Top of Data block

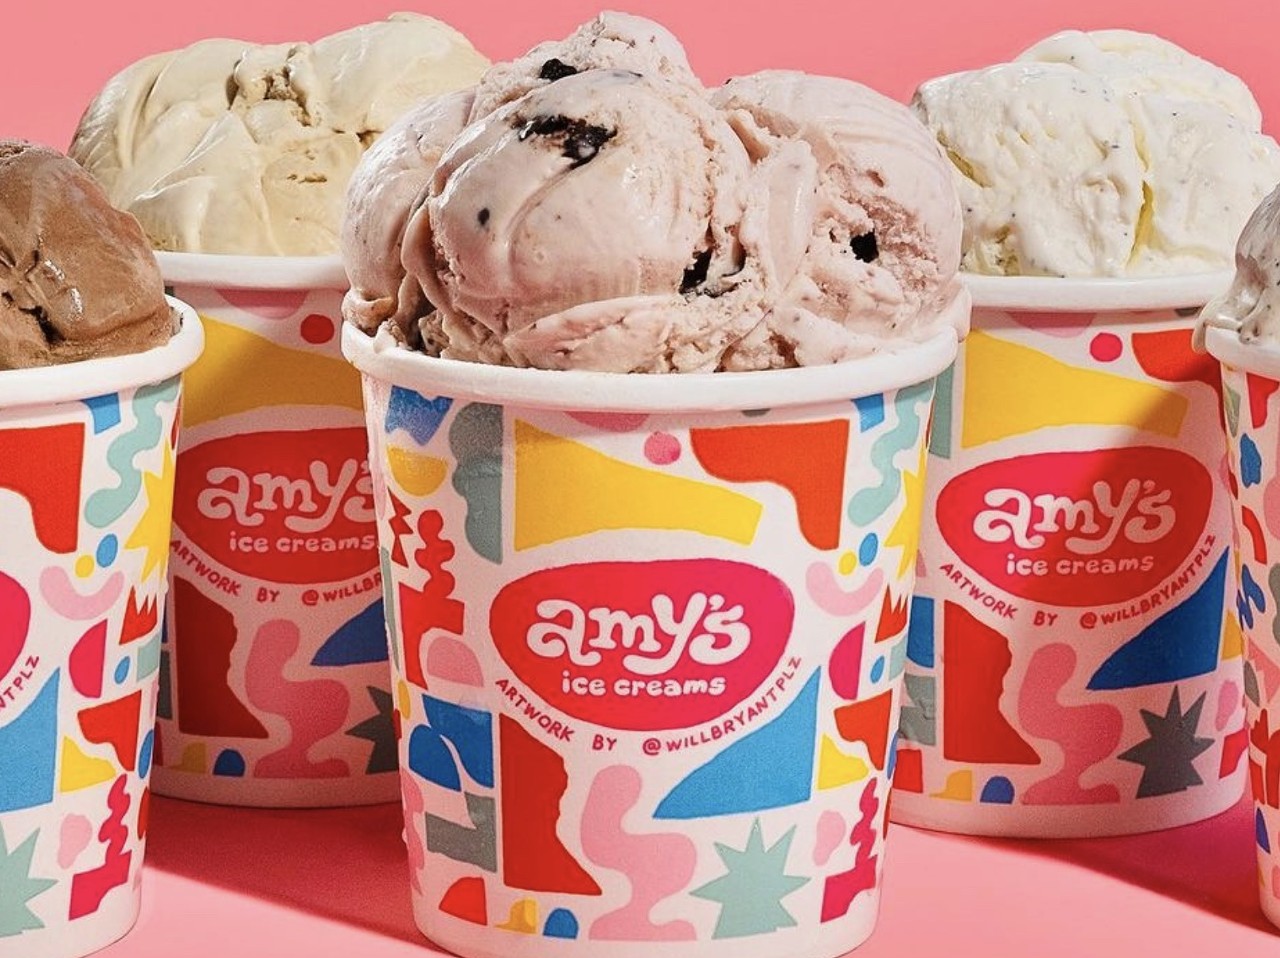 Amy’s Ice Creams
255 E. Basse Rd., (210) 832-8886, amysicecreams.com
Established in Austin in the mid-80s, Amy’s offers handmade artisan ice creams perfect for a summer day – or really anytime for that matter. With more than 350 flavors in rotation, you can definitely find something you’ll love.

Bottom of Data block

▸ **What is required**
From the first line to the last, repeat the data above exactly and leave the pictures out.

▸ **Expected answer**
 Amy’s Ice Creams
255 E. Basse Rd., (210) 832-8886, amysicecreams.com
Established in Austin in the mid-80s, Amy’s offers handmade artisan ice creams perfect for a summer day – or really anytime for that matter. With more than 350 flavors in rotation, you can definitely find something you’ll love.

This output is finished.